At this stage it is interesting and instructive to compare the two important valves—pyloric and ileocaecal—that play such a vital role in the processes of digestion and absorption. The differences in anatomical structure of the valves have already been pointed out. Their differences in physiological activity may now be reviewed.
ι. Material passing from the stomach through the pyloric valve is necessary for the nutrition of the individual.
Material passing through the ileocecal valve is devoid of most of its nutritional value.
2. On the proximal side of the pyloric valve is a sac (the stomach) in which much digestive activity takes place before the valve opens freely.
On the proximal side of the ileocecal valve material simply accumulates in the lower end of the ileum; the rhythmic opening of the valve is determined by contractions of the ileum, but the rate and degree of these may be influenced from the pylorus.
3. On the distal side of each valve is a saccular dilatation.

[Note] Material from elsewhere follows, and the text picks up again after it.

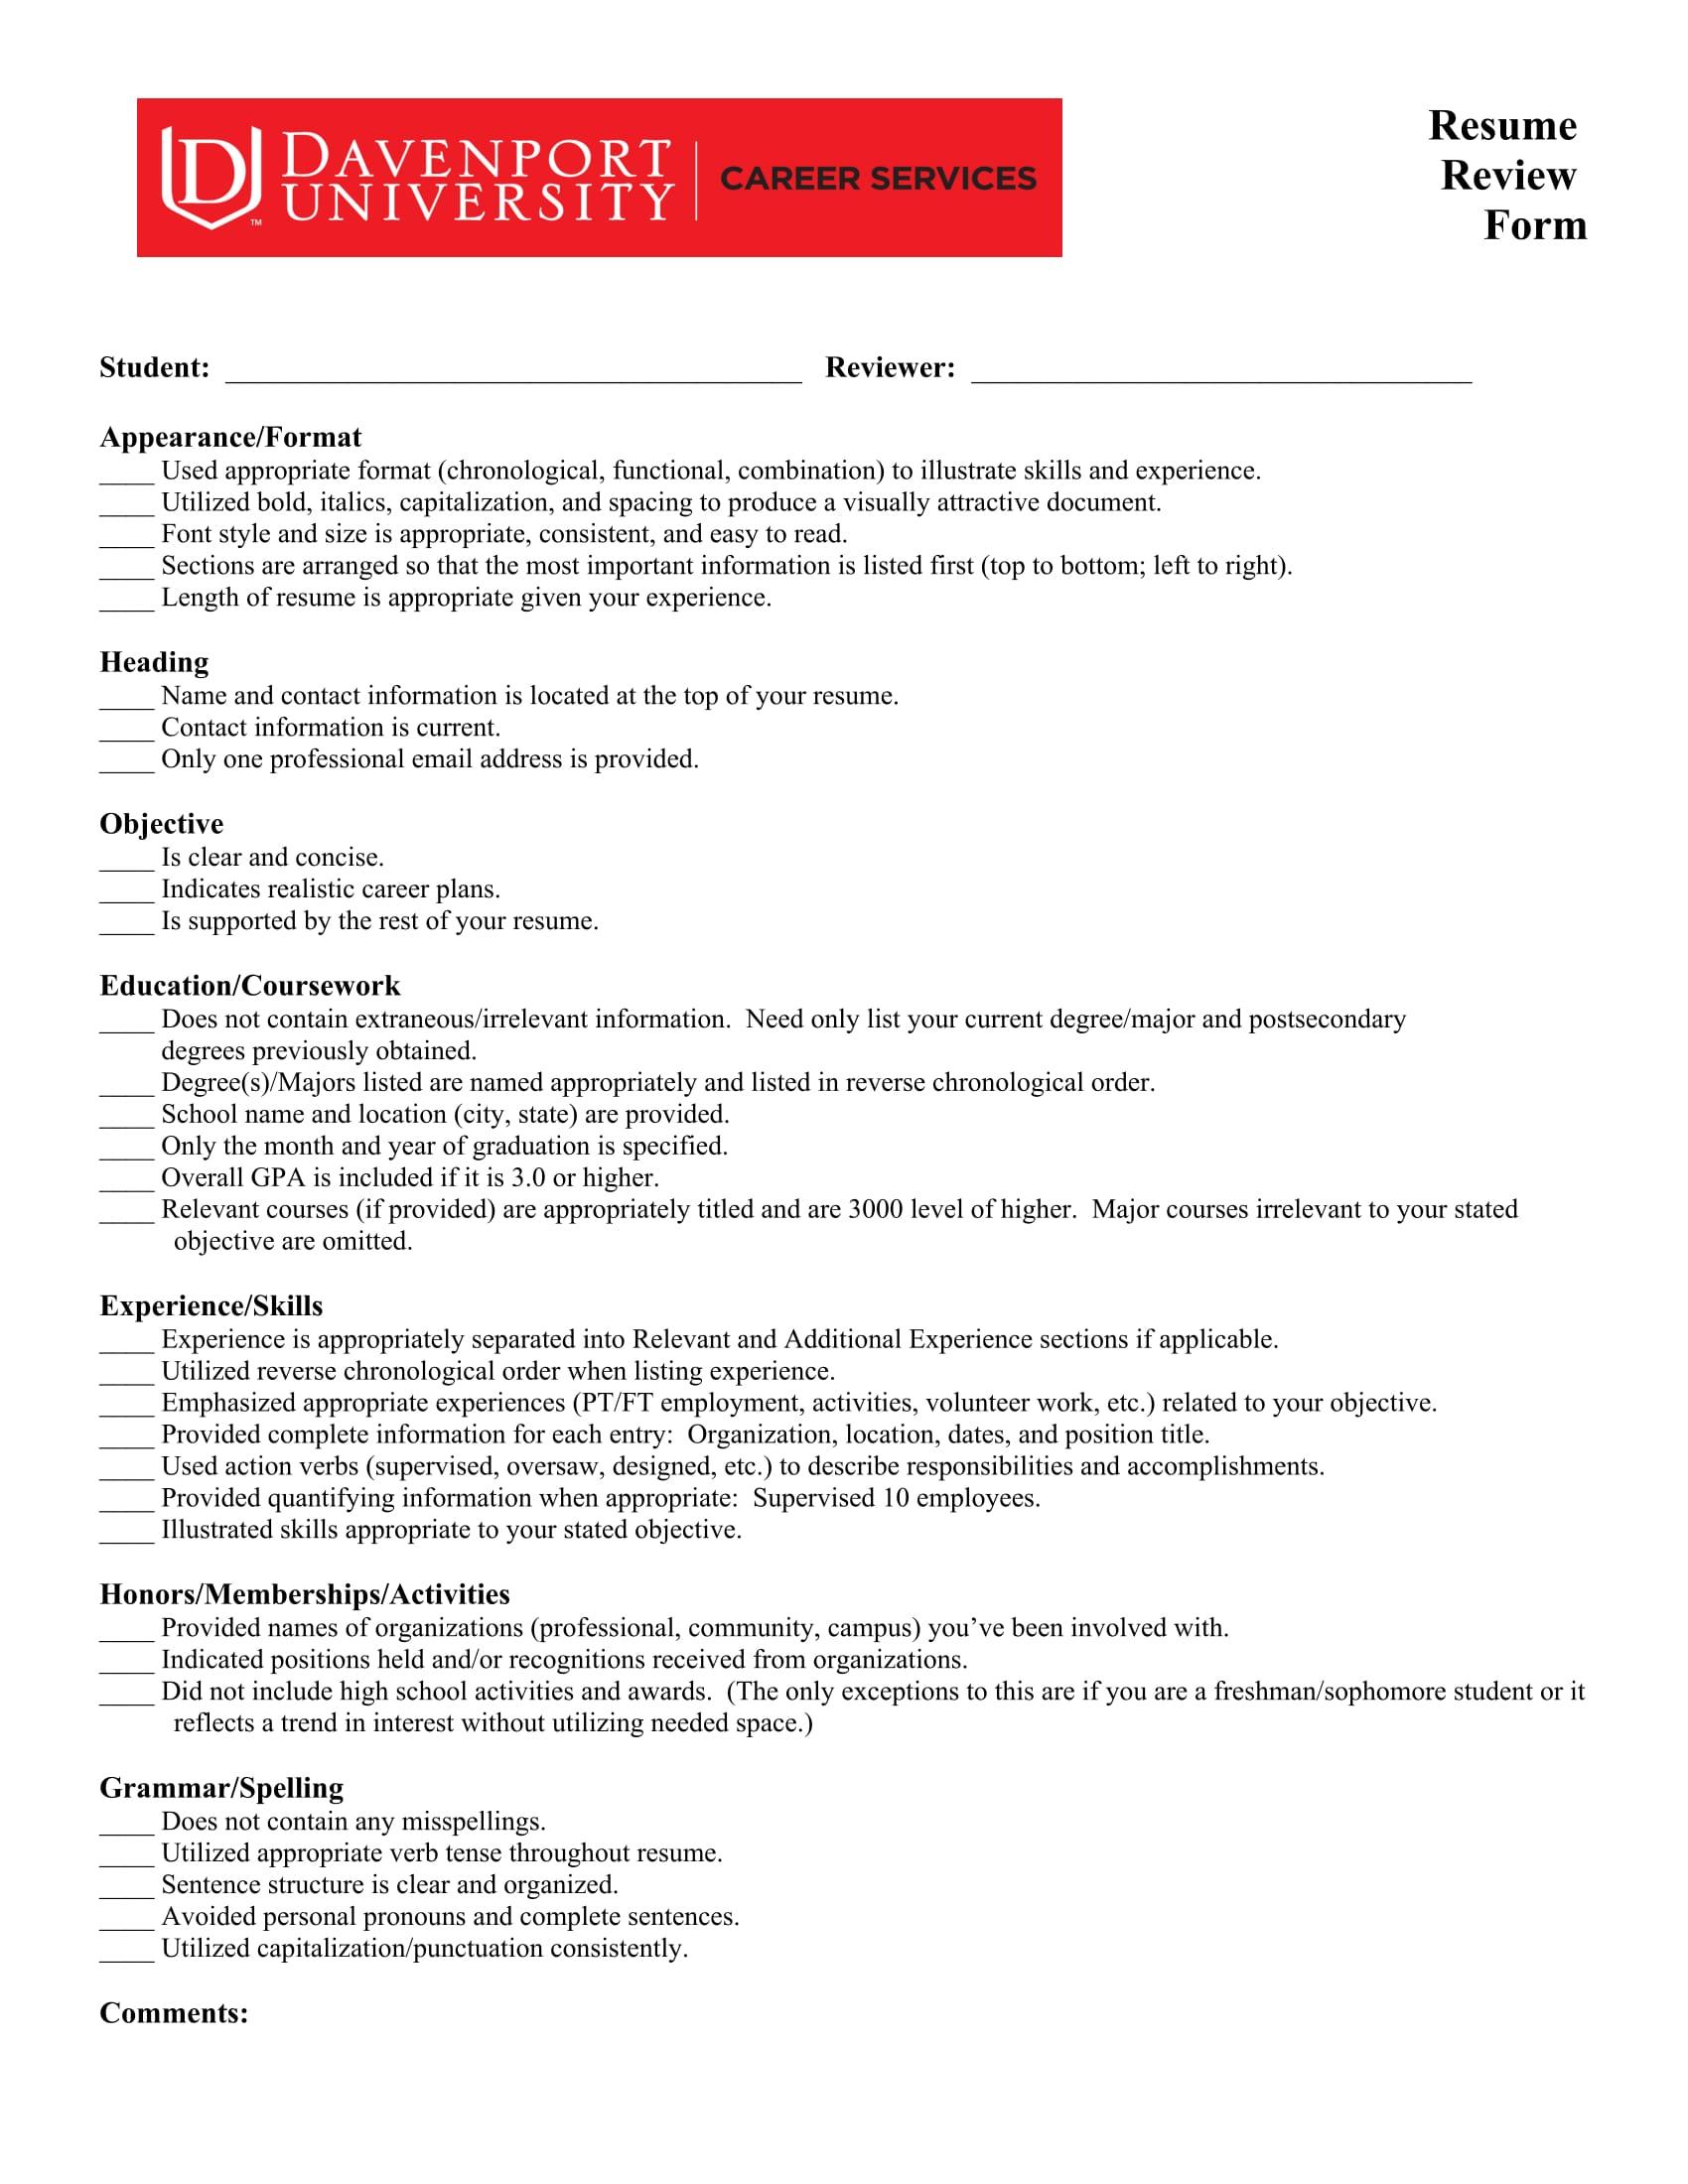 Pretty Employer Resume Checklist Photos - Entry Level Resume ...

In the case of the pyloric valve the material allowed to enter this sac receives such treatment as will render it innocuous if passed back into the stomach.
In the case of the ileocecal valve, the material passing through is, after mixture with the caecal contents, definitely deleterious to the small intestine, and the lower end of the ileum is therefore specially reinforced with lymphoid tissue to deal with any backward leakage. The statement that “apparently the ideal which our vital mechanisms strive to attain is sterility of the alimentary tract above the ileocaecal valve with very free bacterial growth below that barrier”, emphasizes this point.

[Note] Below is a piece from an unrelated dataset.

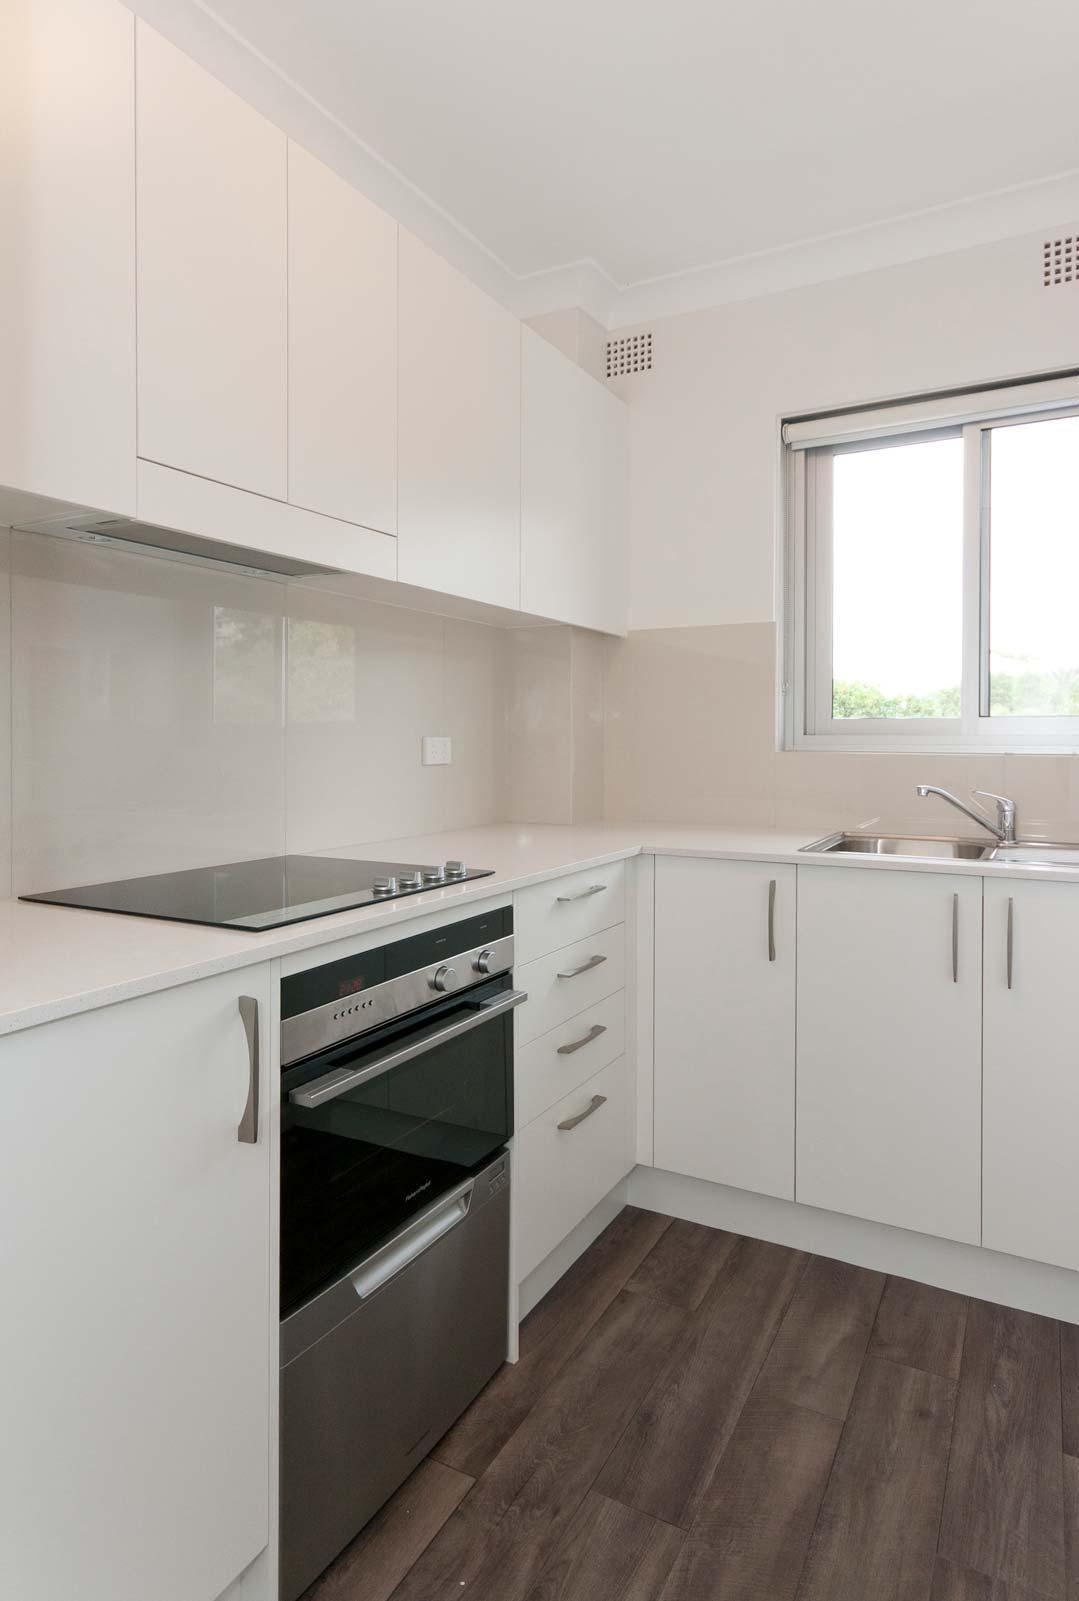 Apartment renovation Sydney unit renovation Collaroy, kitchen by Reno Pack

4. The pyloric valve acts primarily as a guard against unsuitable material leaving the stomach in the early stages of digestion—but it is also designed to allow a reflux of material from the duodenum into the stomach in the later stages of the digestive processes.

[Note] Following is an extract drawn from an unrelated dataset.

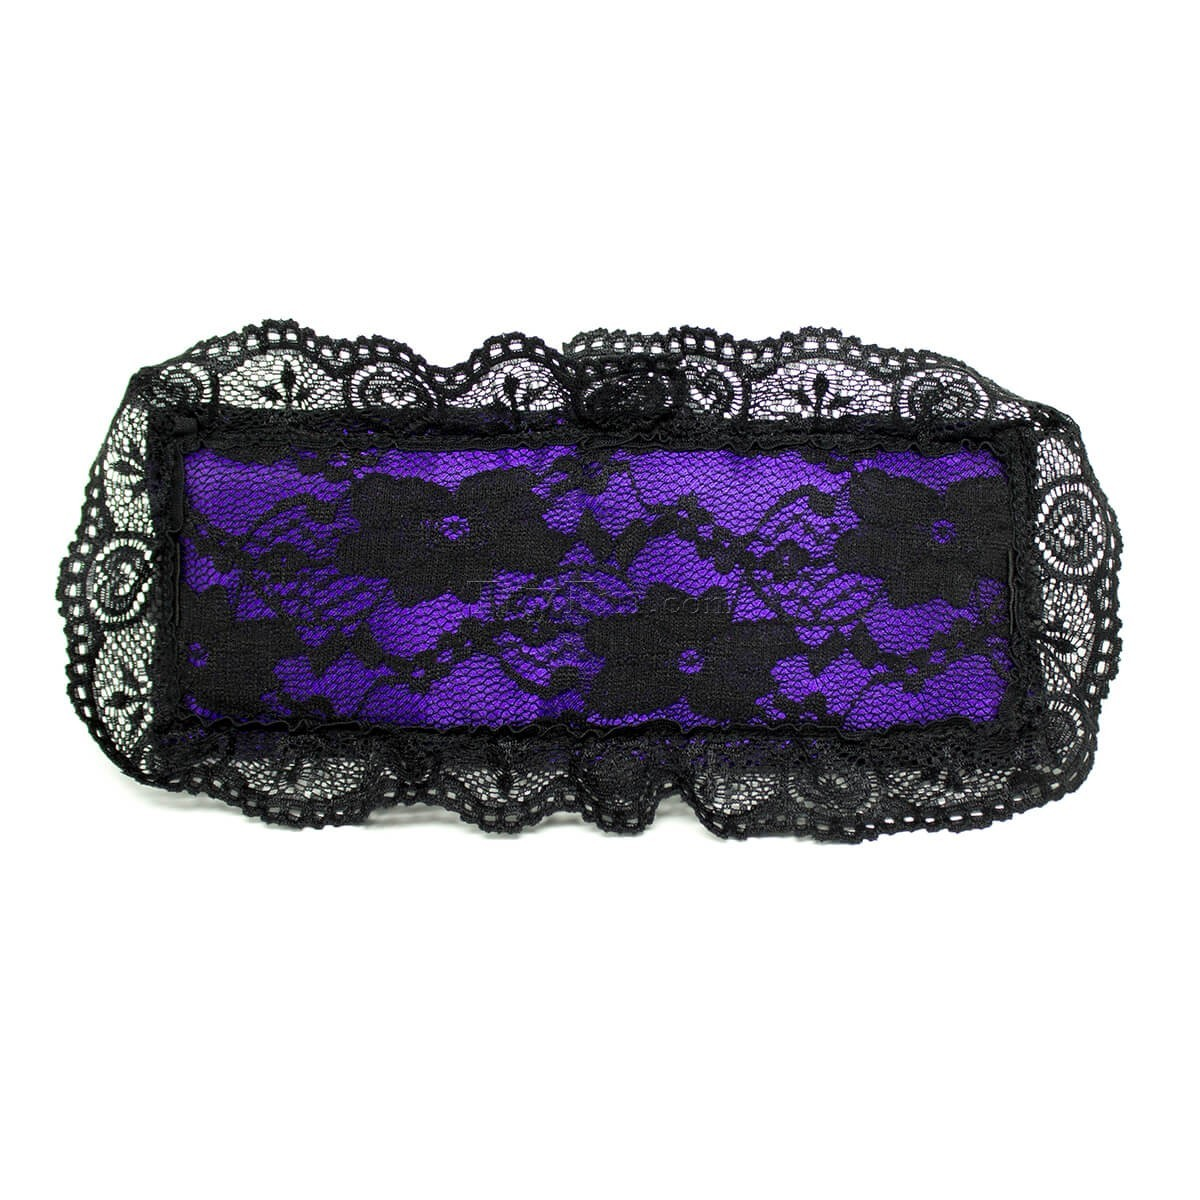 2-lace-blindfold-handcuffs-set-purple15.jpg

The ileocecal valve acts as a guard against material leaving the small intestine too rapidly, i.e., before sufficient time has been given for absorption. It also acts as a guard against unsuitable material entering the small intestine from below and is therefore designed to prevent any reflux.
5. There is a striking difference in mechanism between the two valves.
At the beginning of digestion the pyloric valve (except possibly for a minute aperture) is tightly closed, but during the process of digestion the pyloric orifice gradually enlarges until it is relatively of large size.
The ileocecal valve opens at intervals to permit the passage of material and then immediately closes again.
6. The muscular coat of the pyloric end of the stomach (except for a few longitudinal fibres) stops abruptly at the pyloric valve; related to this is the fact that the peristaltic waves of the stomach end at the pylorus and are not con-
tinued over the duodenal cap.
The muscular coat of the ileum is continued over the
ileocecal valve on to the caecum; peristaltic waves travelling down the ileum sometimes continue over the ileocaecalvalve to the wall of the caecum.